# Source data
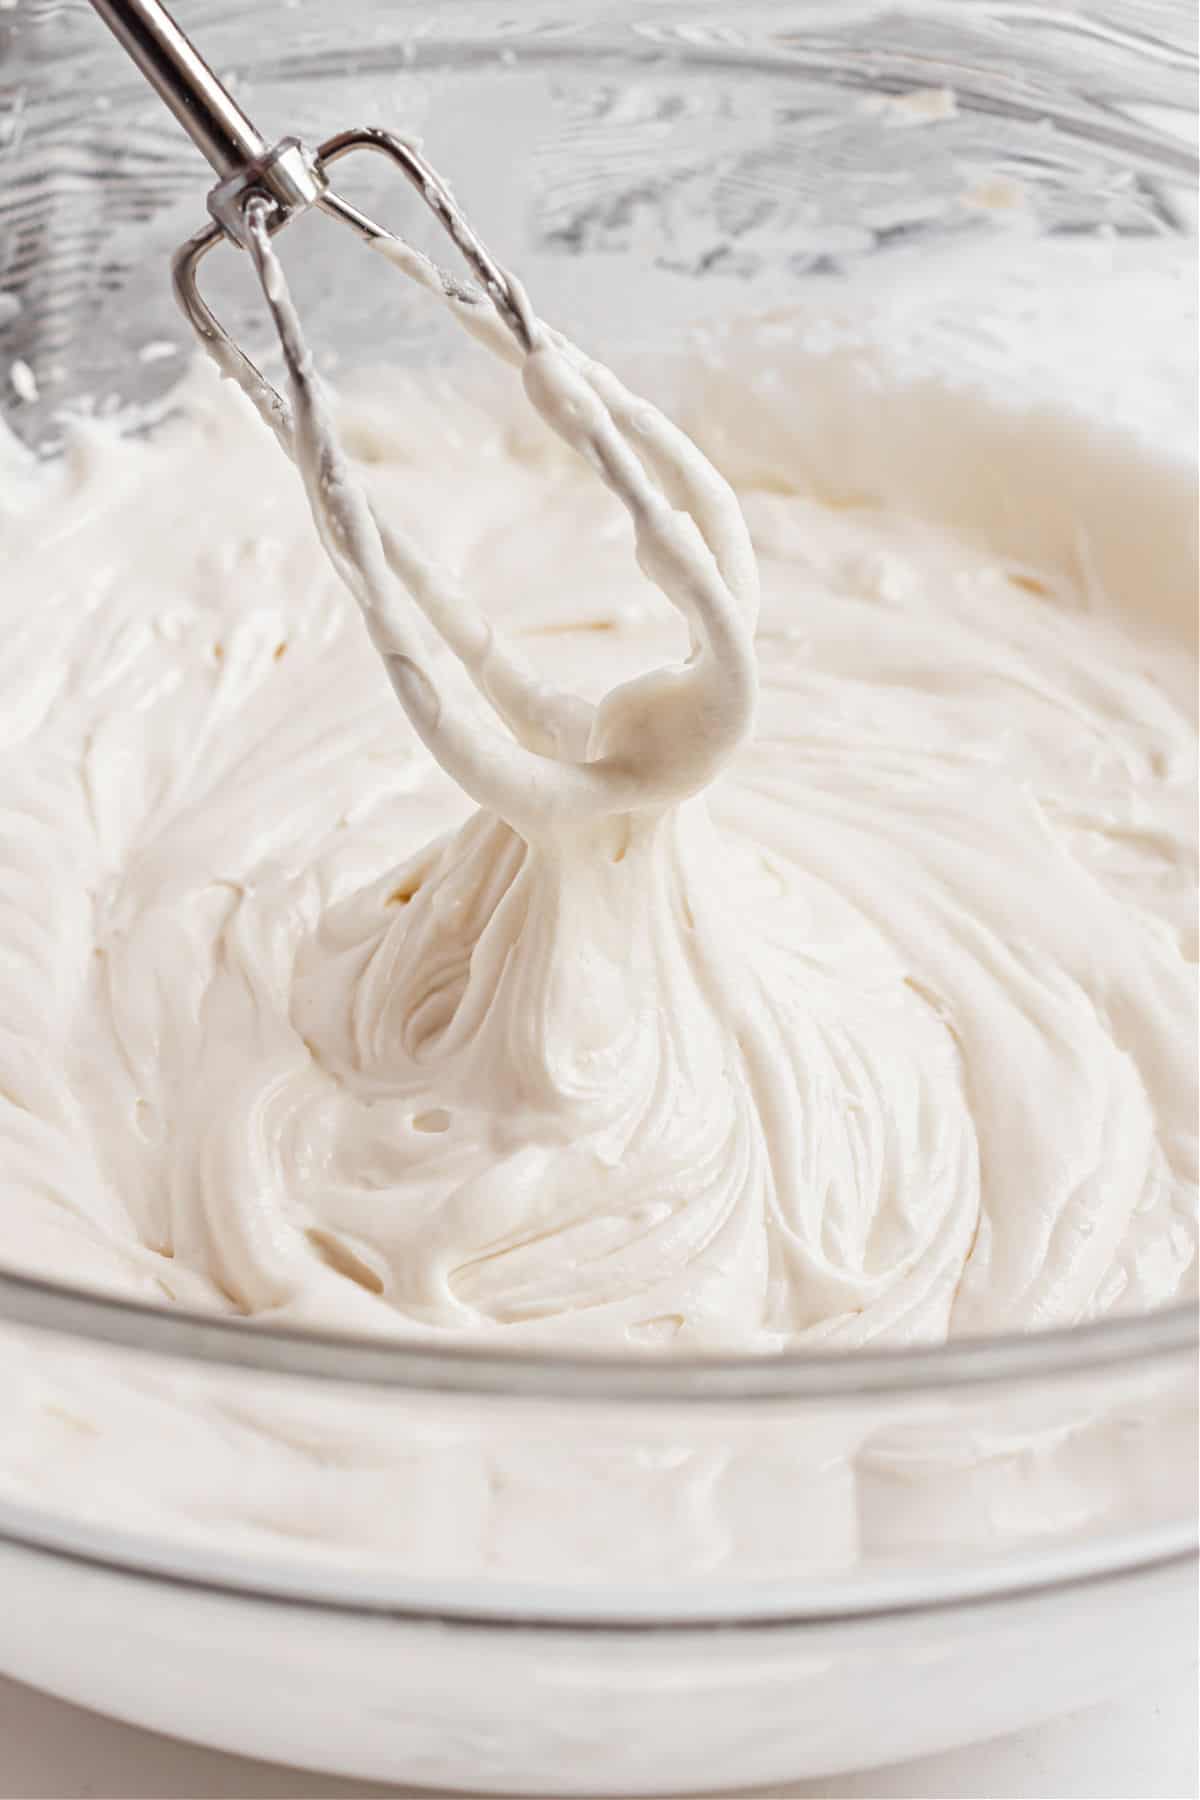 Vanilla frosting made with sour cream in a clear glass mixing bowl.
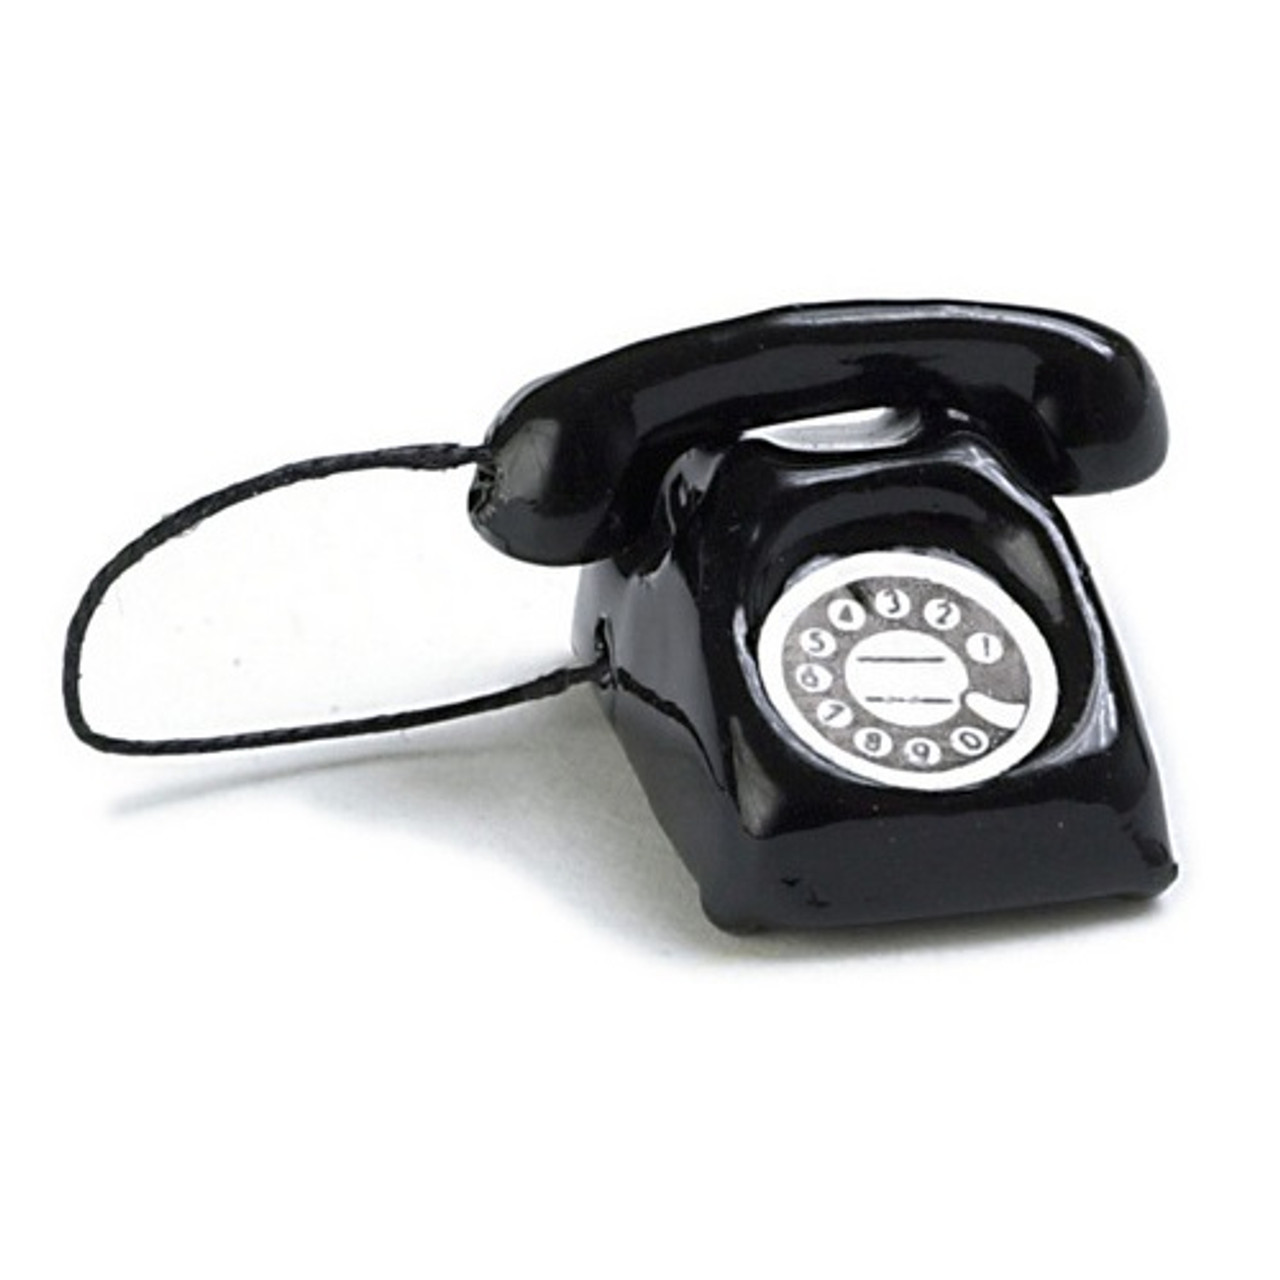 Image of miniature black rotary dial phone on white background
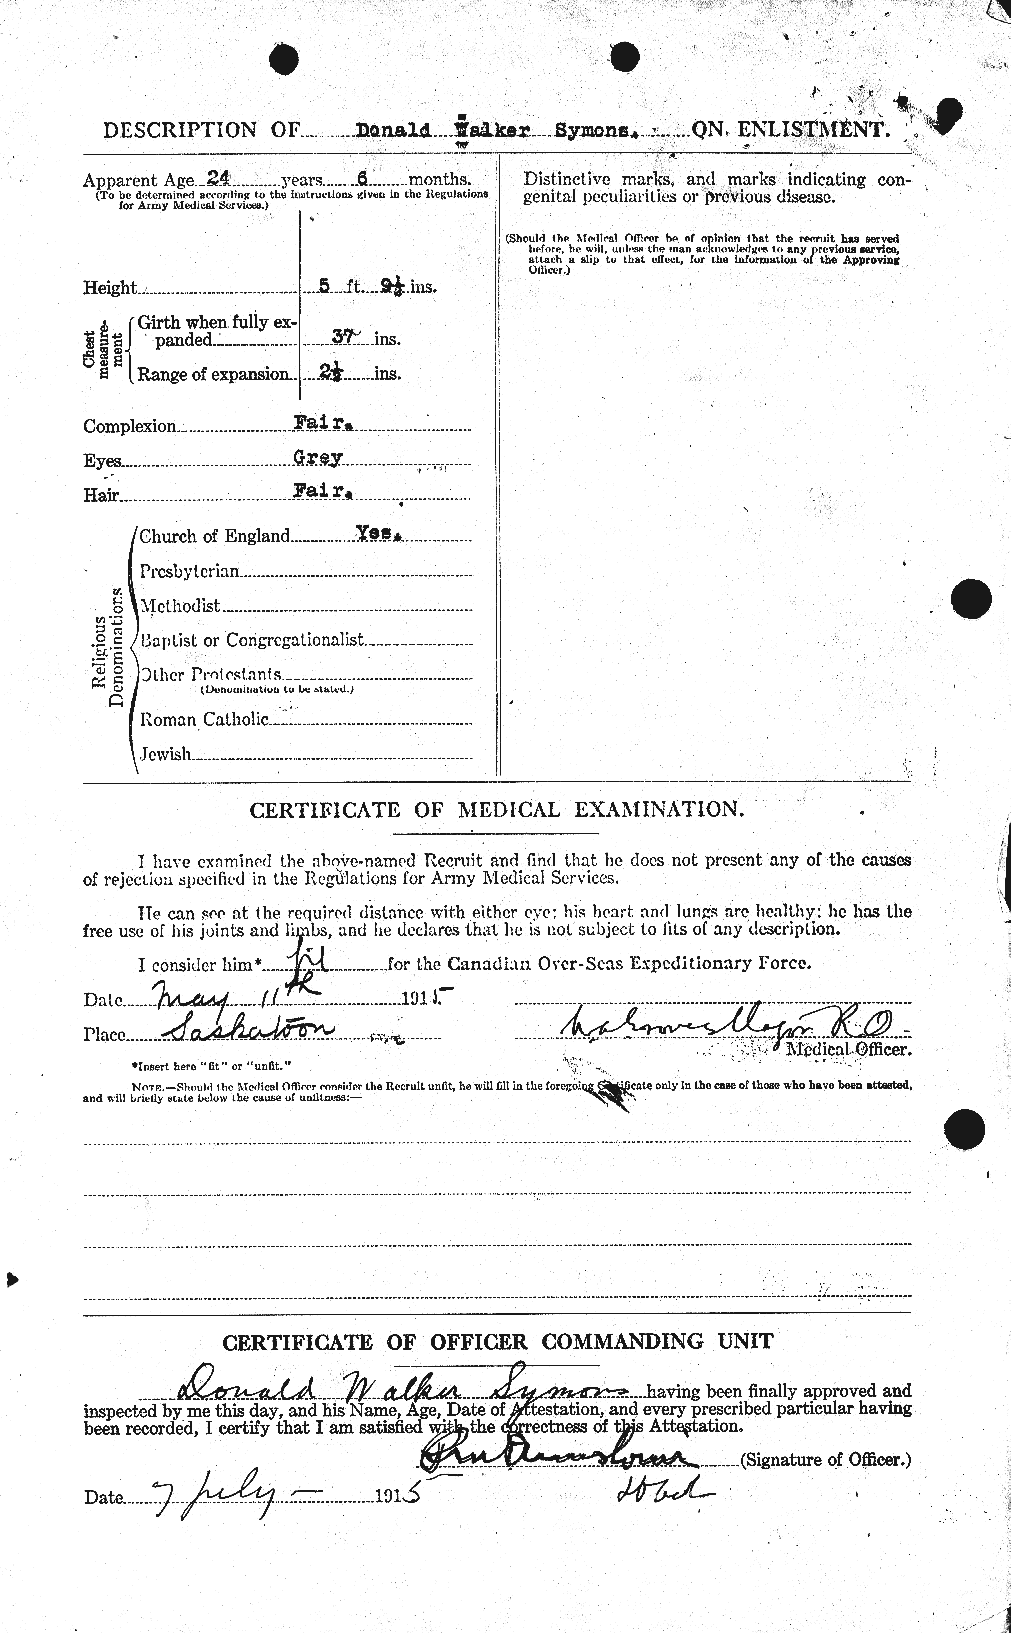 Personnel Records of the First World War - CEF 129174b

# Work instructions
Reproduce the material above in full and without alteration, but skip all pictures.

# Result
 Vanilla frosting made with sour cream in a clear glass mixing bowl.
 Image of miniature black rotary dial phone on white background
 Personnel Records of the First World War - CEF 129174b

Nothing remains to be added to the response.